Gefahr von Kindesmissbrauch steigtKinder äußerten sich besorgt über den Mangel an Platz und Privatsphäre. Manche der jüngeren Kinder haben auch Angst vor den Angriffen wilder Tiere. Vor allem Mädchen fühlen sich in Unterkünften zusammen mit Großfamilien und Nachbarn nicht sicher. Einige berichteten von sexuellen Übergriffen, andere befürchten eine Zunahme des Menschenhandels. „Durch das Leben unter freiem Himmel sind wir vermehrt Missbrauch ausgesetzt“, sagt eine Jugendliche aus Sindhupalchowk, dem Bezirk, der am schlimmsten von den Erdbeben betroffen war.
World Vision Nepal Earthquake Operations Manager Admir Bajrami sagt: „Der Monsun wird stärker werden. Wir müssen schnell und effektiv handeln, um das Überleben der vom Erdbeben betroffenen Kinder und ihren Familien zu gewährleisten. Kinder haben traumatische Erfahrungen gemacht, unter anderem mussten sie ihre Schulausbildungen unterbrechen. Sie benötigen dringend psychosoziale Unterstützung, um diese Erlebnisse verarbeiten zu können."
Kinder, die an der Befragung teilgenommen haben, lieferten detaillierte und umsetzbare Ideen, wie man ihr Leben und ihre Gemeinden wieder aufbauen könnte. Oft wurde die Notwendigkeit von erdbebensicheren Häusern, Schulen und anderen Gebäude genannt. Auch möchten die Kinder auf kommende Naturkatastrophen besser vorbereitet werden. „Ich möchte, dass erdbebensichere Häuser in flachen Gegenden gebaut werden und Bäume gepflanzt werden“, sagt ein Teenager aus Sindhupalchowk.

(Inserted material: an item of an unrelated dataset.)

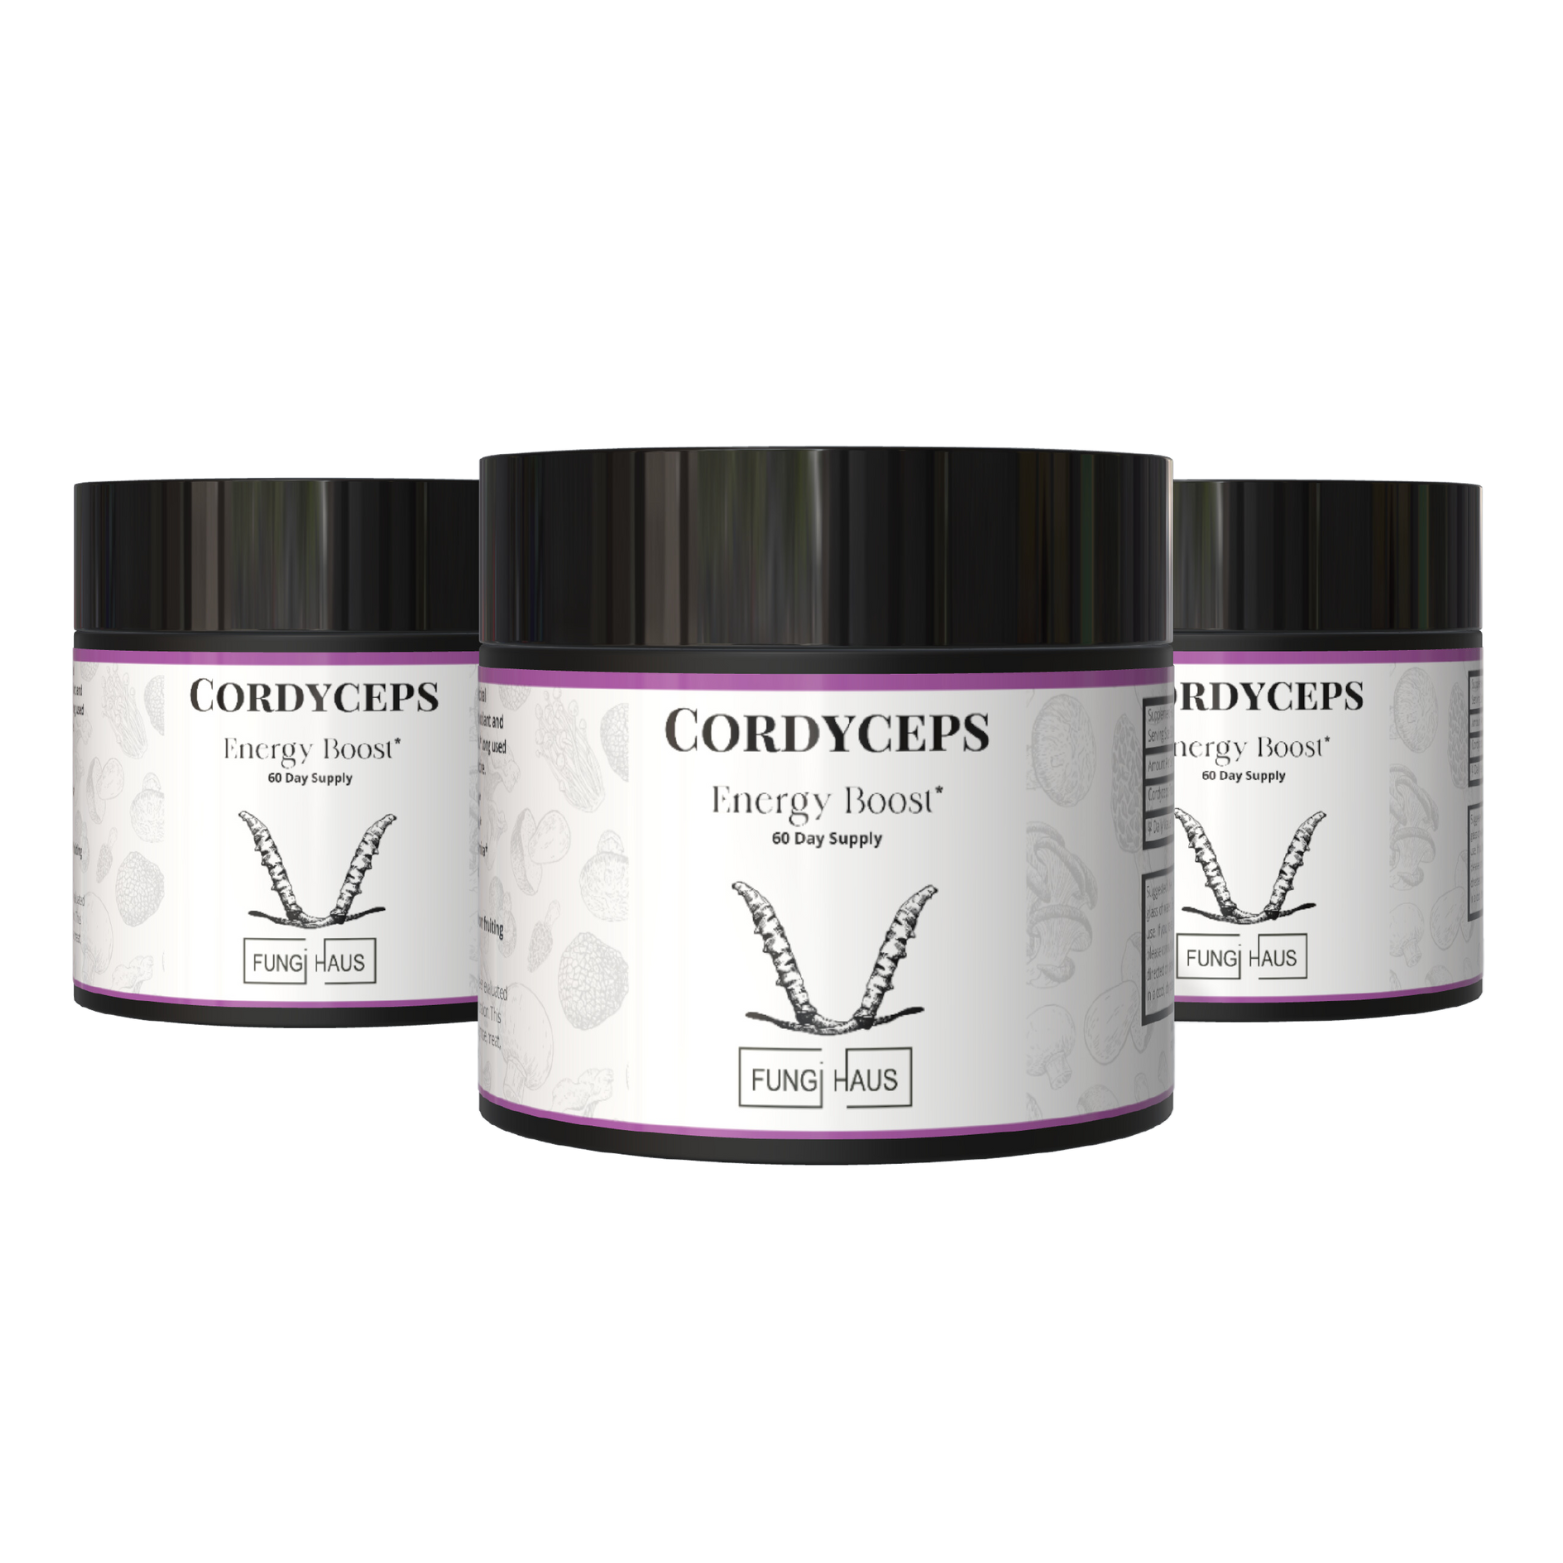 Cordyceps Energy Boost* - 60 Day Supply - Powder

Die befragten Kinder schlugen außerdem vor, dass der Schulbetrieb großflächig in Zelten oder anderen Notunterkünften weitergeführt werden soll, bis neue Schulen gebaut werden. Sie fordern die Regierung auf, Bücher, Schreibwaren und andere Schulmaterialien, die unter den Trümmern ihrer Häuser begraben wurden, zu ersetzen. Darüber hinaus fordern sie einen verstärkten Schutz für sich und andere Kinder in ihren Gemeinden.

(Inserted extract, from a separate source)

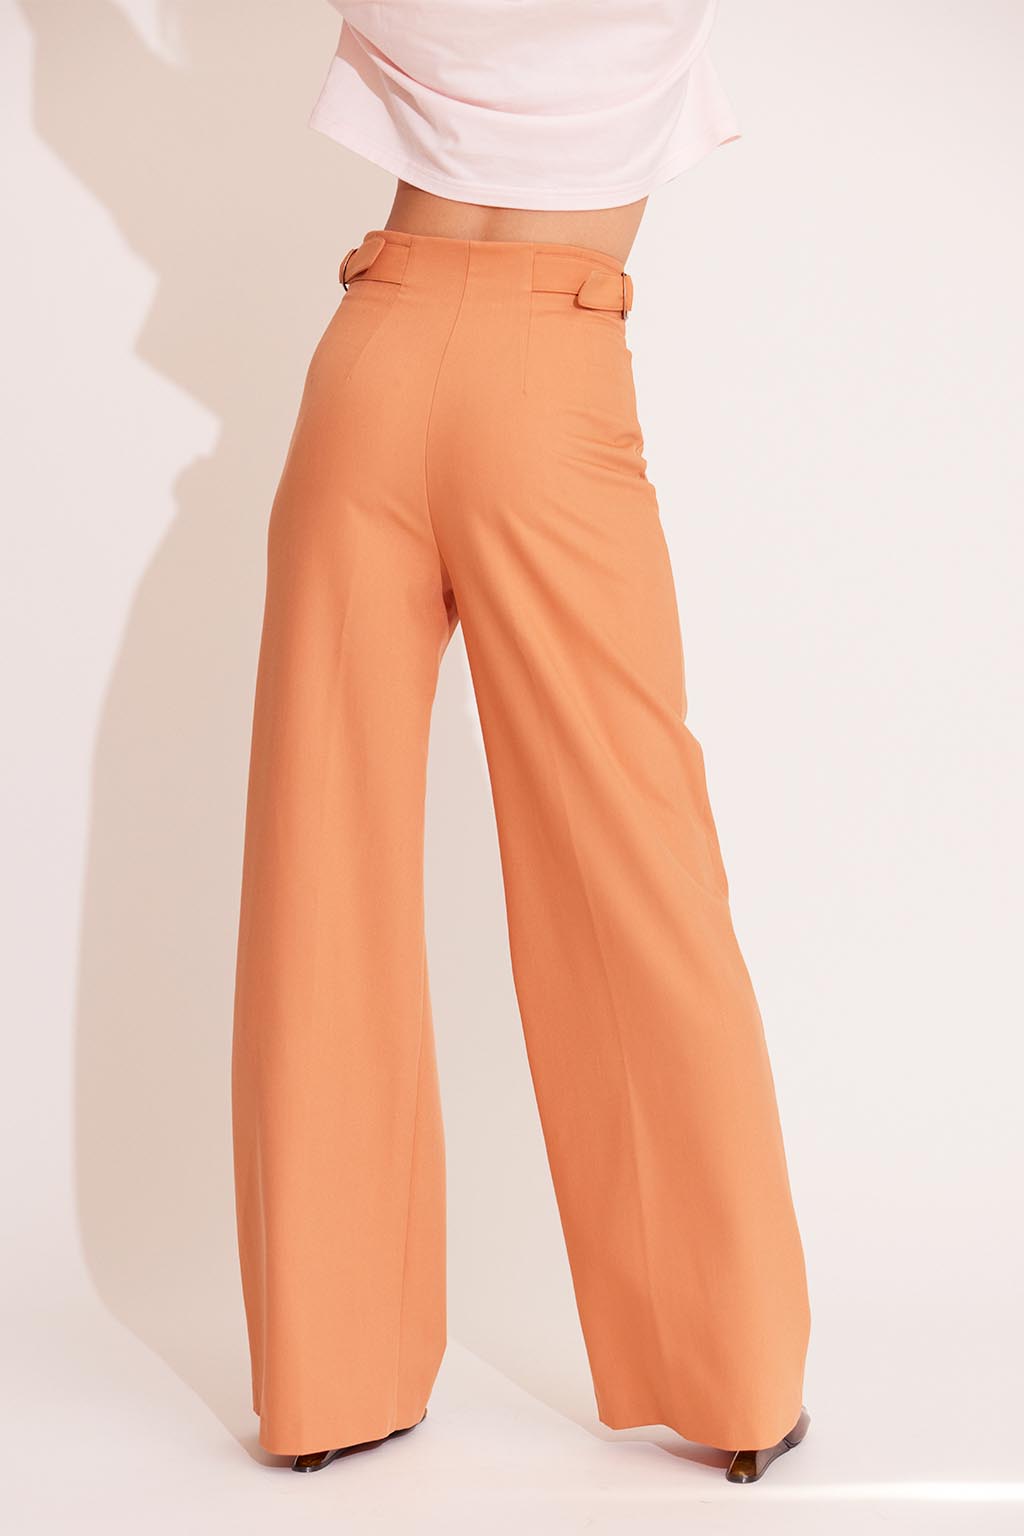 Waist Belted Color Pants Orange 5

Trotz der großen Herausforderungen, mit denen die Überlebenden des Erdbebens konfrontiert sind, berichten Kinder auch davon, dass sich Gemeinden gegenseitig helfen. Sie zeigten bemerkenswert viel Optimismus, dass sich ihr Leben wieder normalisieren bzw. durch die Bemühungen der Gemeinden und der notwendigen Unterstützung sogar verbessern wird.
World Vision hat in den ersten drei Monaten nach dem Erdbeben am 25. April mit Hilfsmaßnahmen bereits mehr als 132.000 Menschen erreicht. Unter anderem wurden 35 Kinderschutzzentren und 25 sogenannte „Temporary Learning Center“ errichtet, in denen sich Kinder sicher fühlen und sich von den traumatischen Erlebnissen erholen können bzw. wo der Schulunterricht temporär wieder aufgenommen werden kann.